Vine de-budding session in an organic vineyard in France

We remove the young shoots that won’t become fruit-bearing as they drain energy from the vines.  In a plot next to our pinot gris vines, there were some unwanted shoots growing from the vine trunks, and so that became our mission for the day.  Stéphane explained that we needed to remove any shoots growing from ground level up till around 20cm.  Above 20 cm, we leave the branches because they can be useful for becoming the new branch left after pruning next year, useful if a branch breaks or has become too old and unproductive.  Any branches that remain are held between the training wires so as to not fall across the row where it would be at risk from being damaged.
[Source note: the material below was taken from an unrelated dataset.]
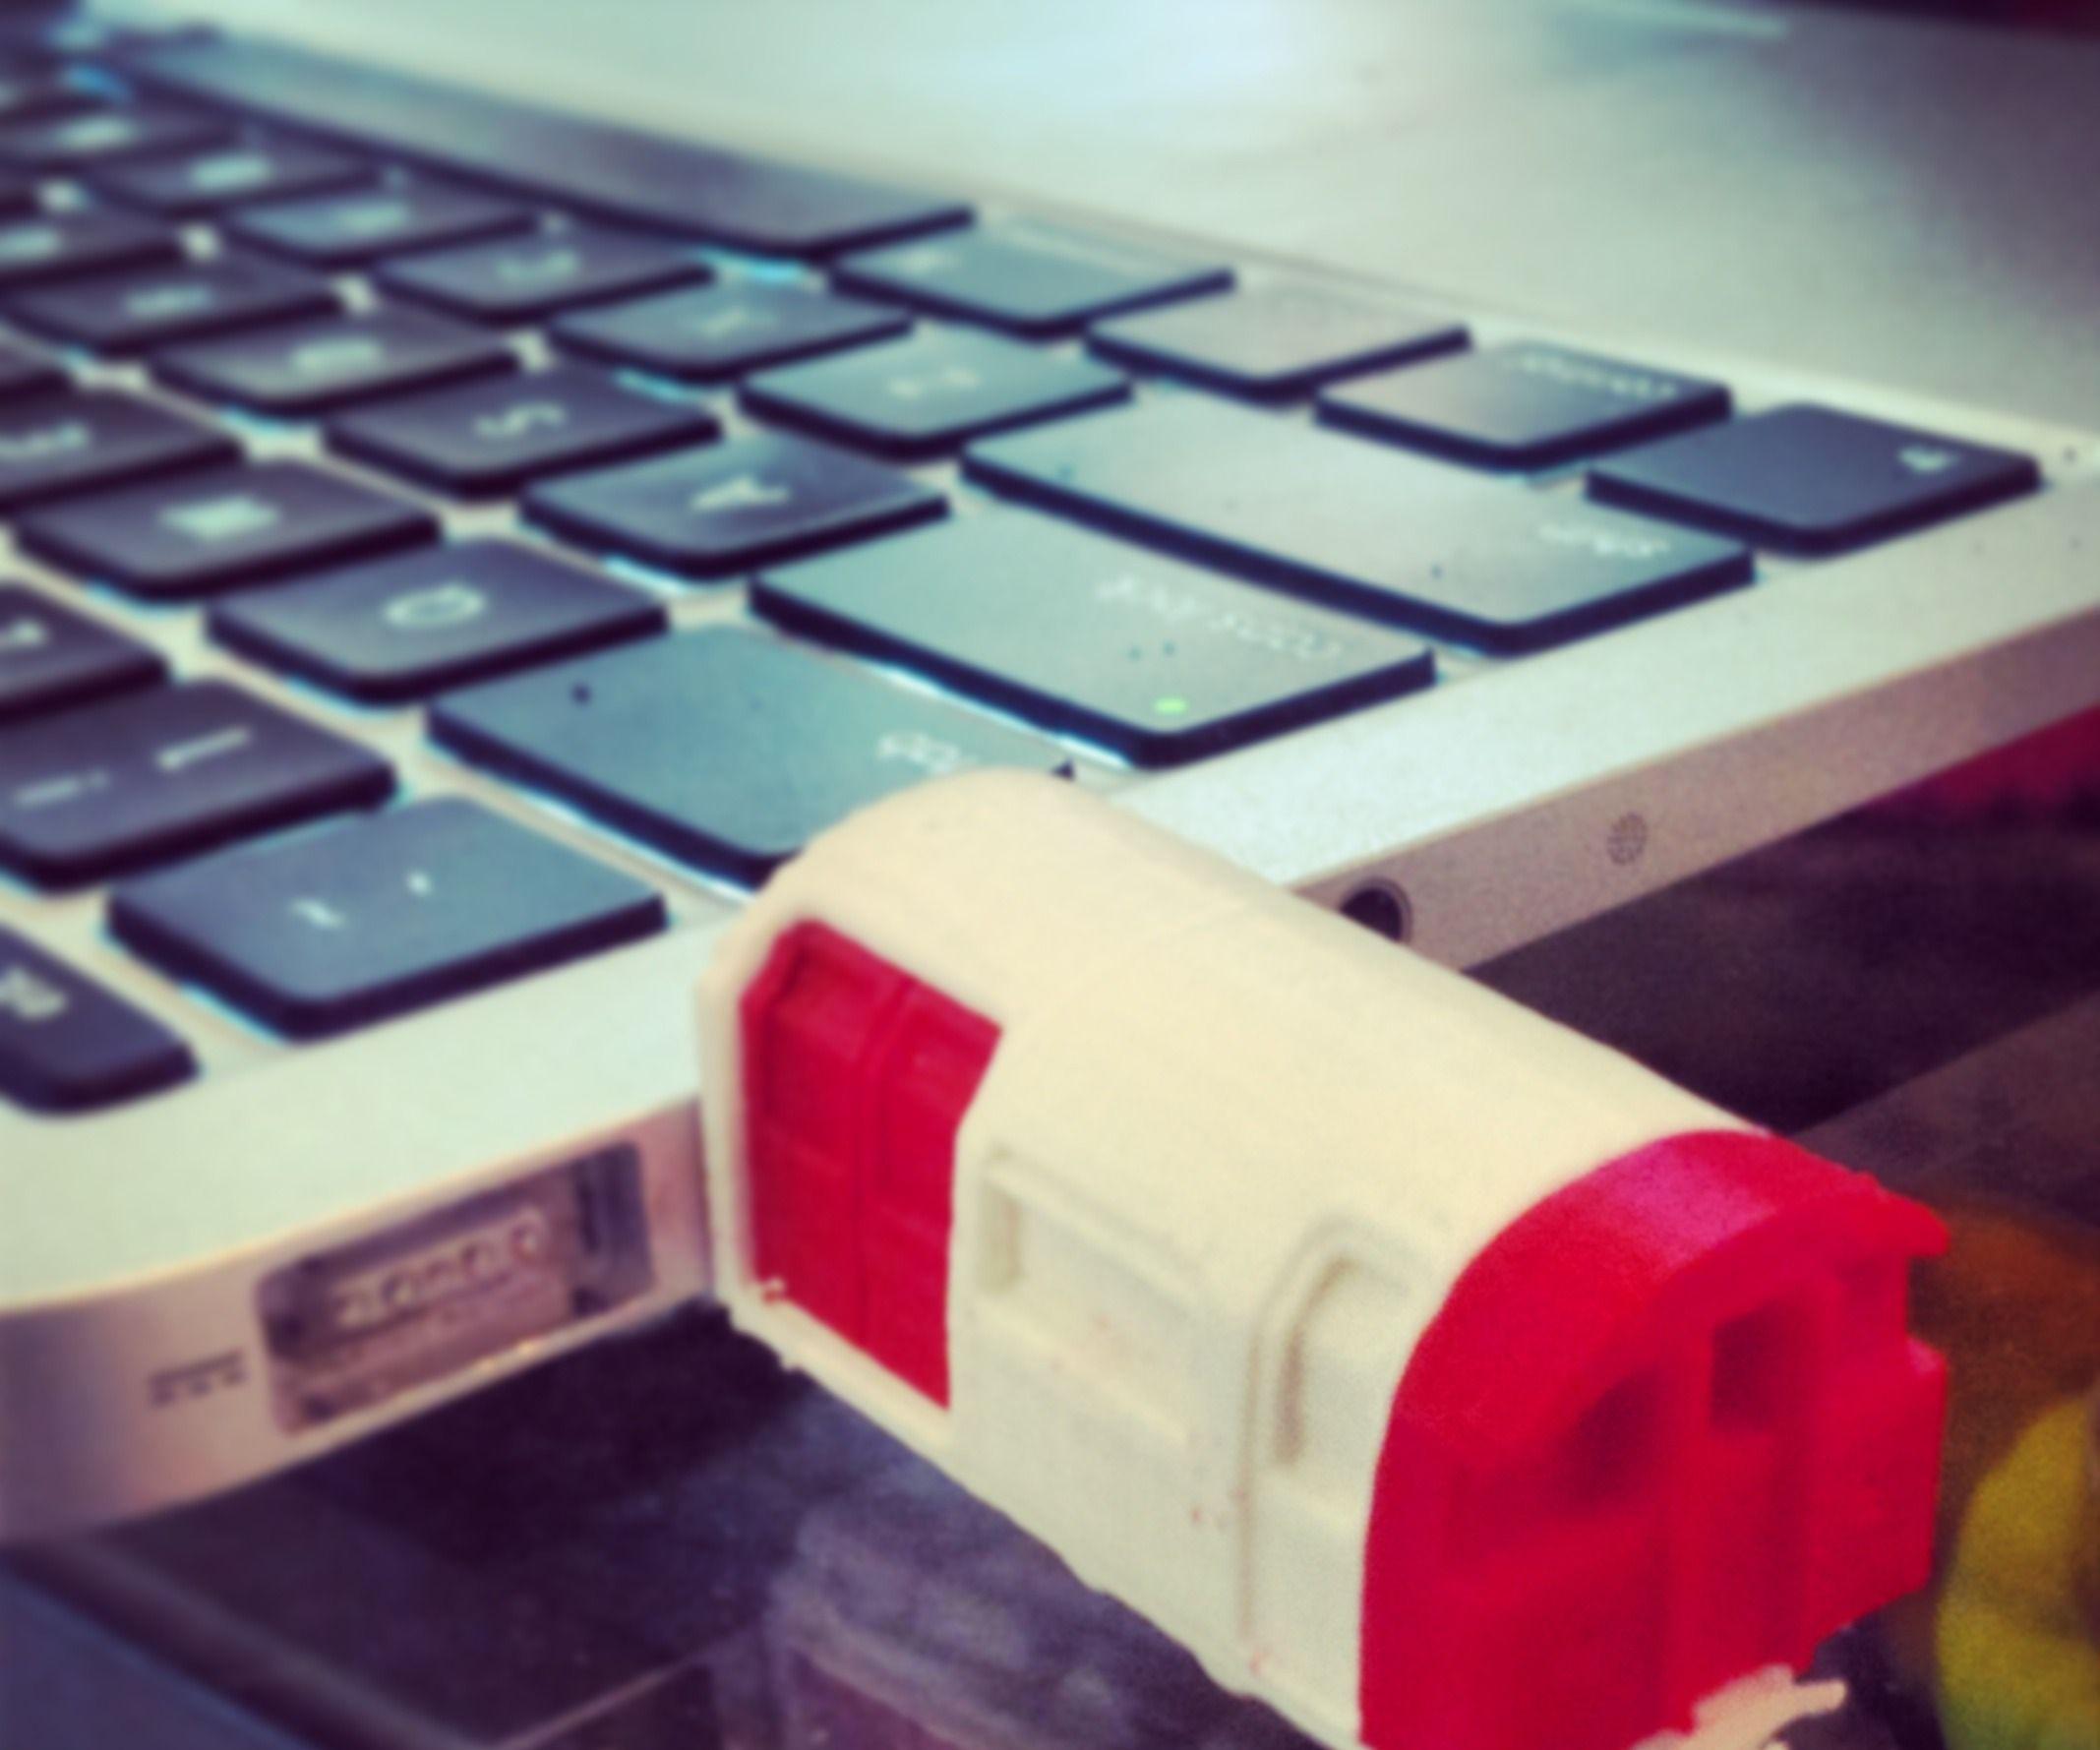 TRAIN USB MEMORY ver.2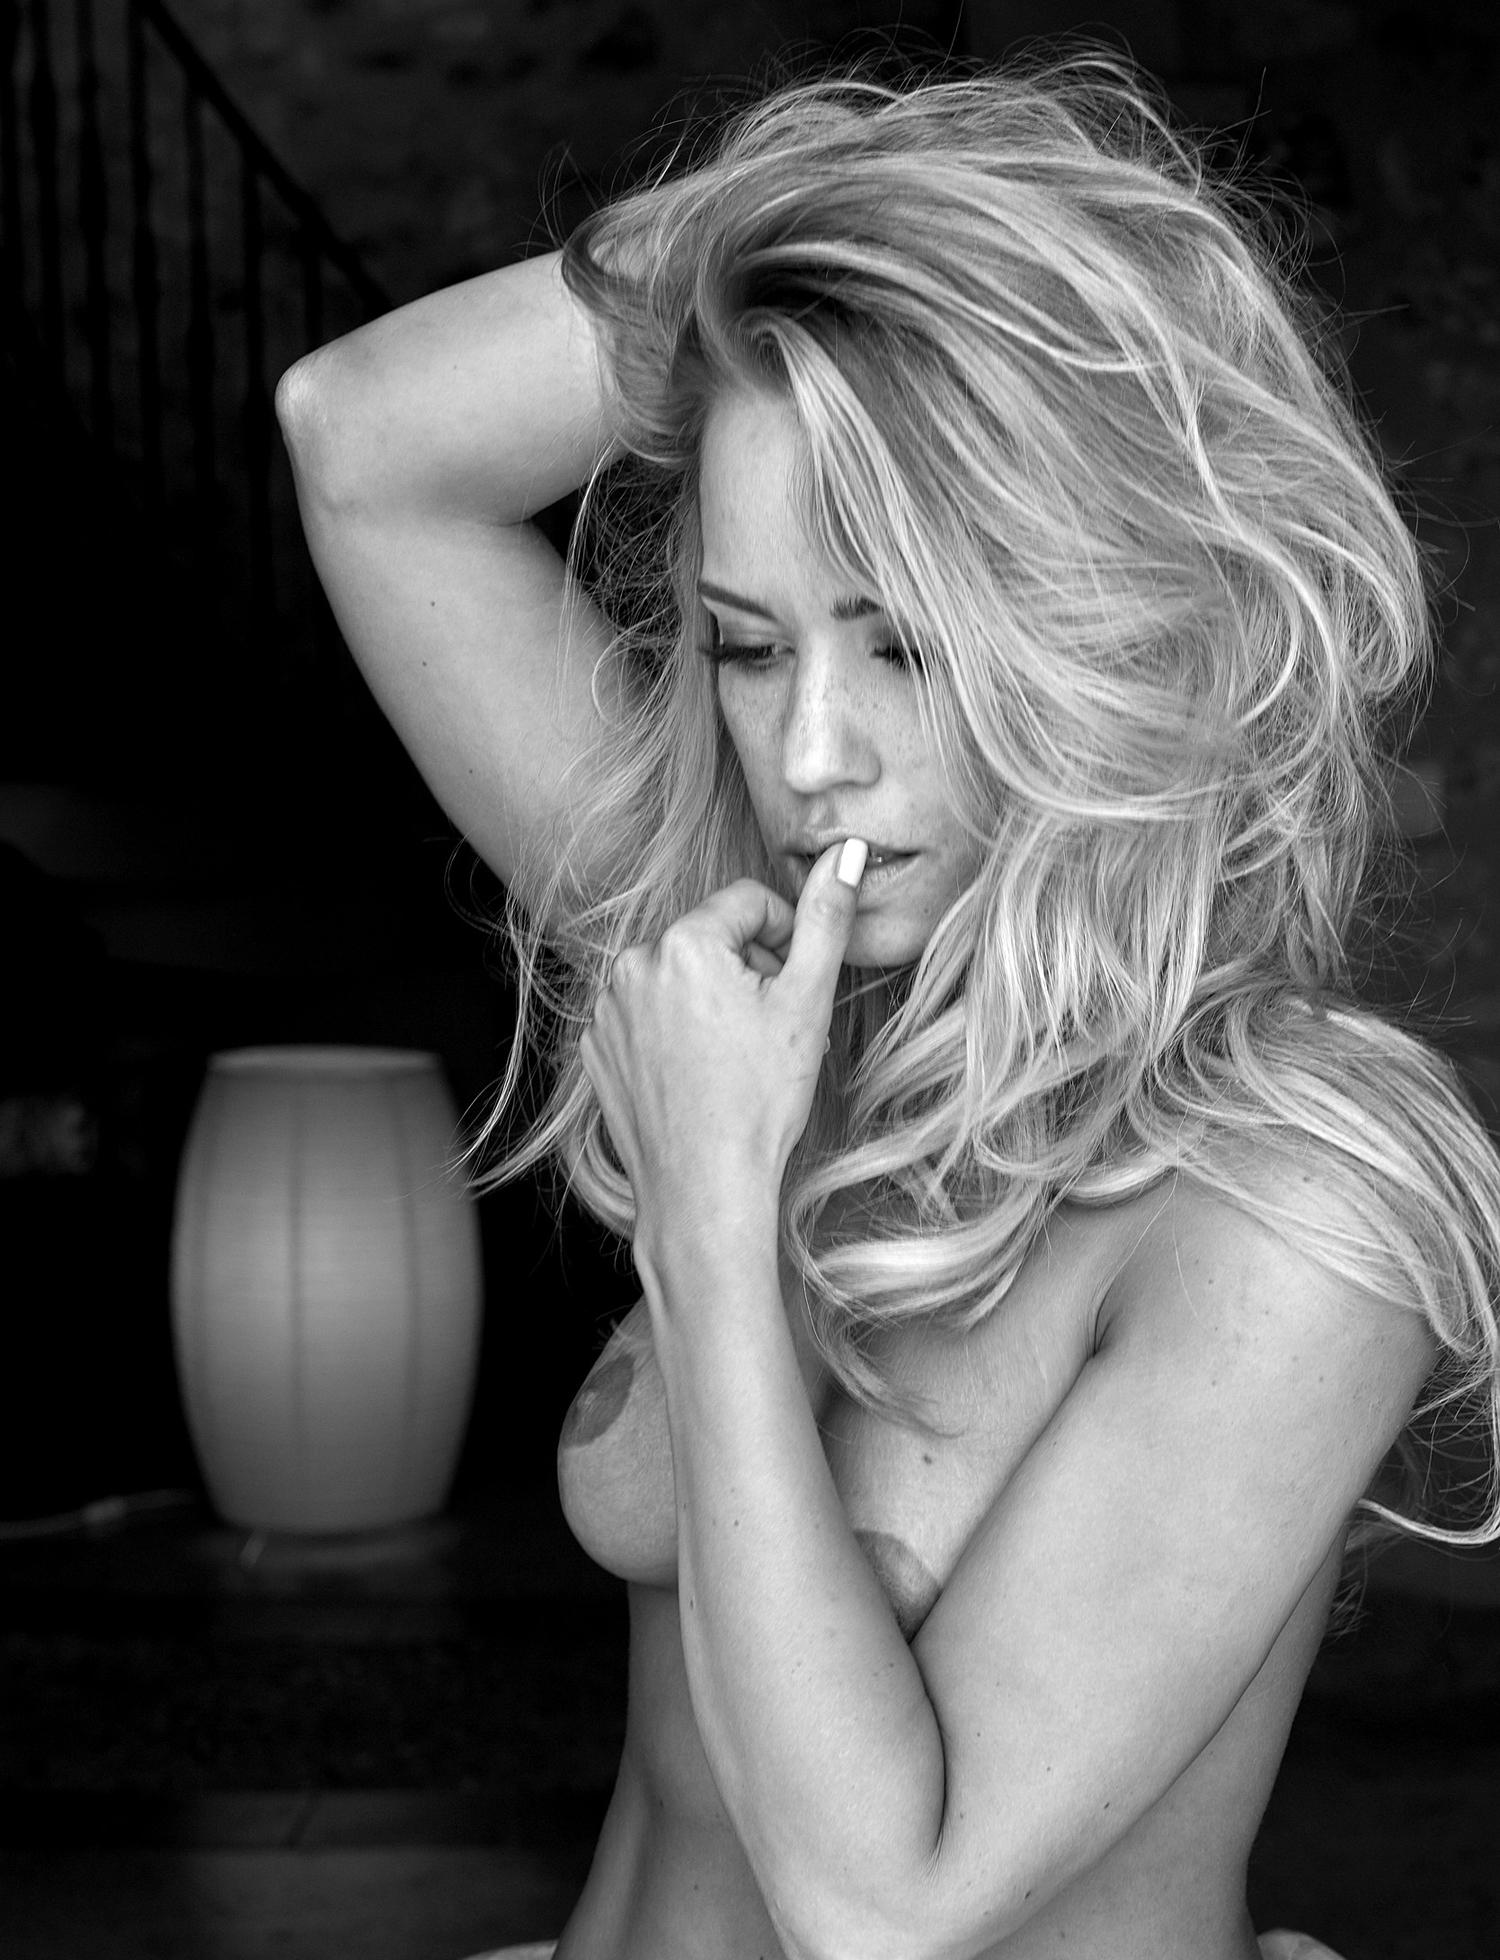 Lara-Isabelle Rentinck Nackt. Foto - 38

To remove the branch, we slide our finger into the hollow between the branch and trunk, and push downwards until it falls away.  We then spread out to de-bud a row each.  It’s not a very complicated task, but when you’re bent over under a blistering sun, we quickly understood why Stéphane prefers to do so at 5am, and how long it must take to do all of the winery’s vineyards with just 2 or 3 people!   Especially so at the moment, as the vines can grow a couple of centimetres a day, and in a month a whole new branch may have grown and so you have to start again.

adopt a vine and come to help the winemaker in the vineyard

We worked diligently and then returned to the winery for a very well earned wine tasting session.  To start with, Céline served a naturally sparkling Crémant, made using the same method used in champagne but without any liqueur added, making for a drier than normal Crémant.

Visit and tasting in an organic winery in Alsace

We then tasted a Riesling Ortel, a Muscat, and a Pinot Gris Rosenberg to appreciate the diversity of the Alsace grape varietals.  We finished with a Pinot Noir Granit, one of the red wines made at the winery.  We then continued the wine tasting over lunch of a traditional Alsace baeckeofe, regional cheeses, and blueberry tart.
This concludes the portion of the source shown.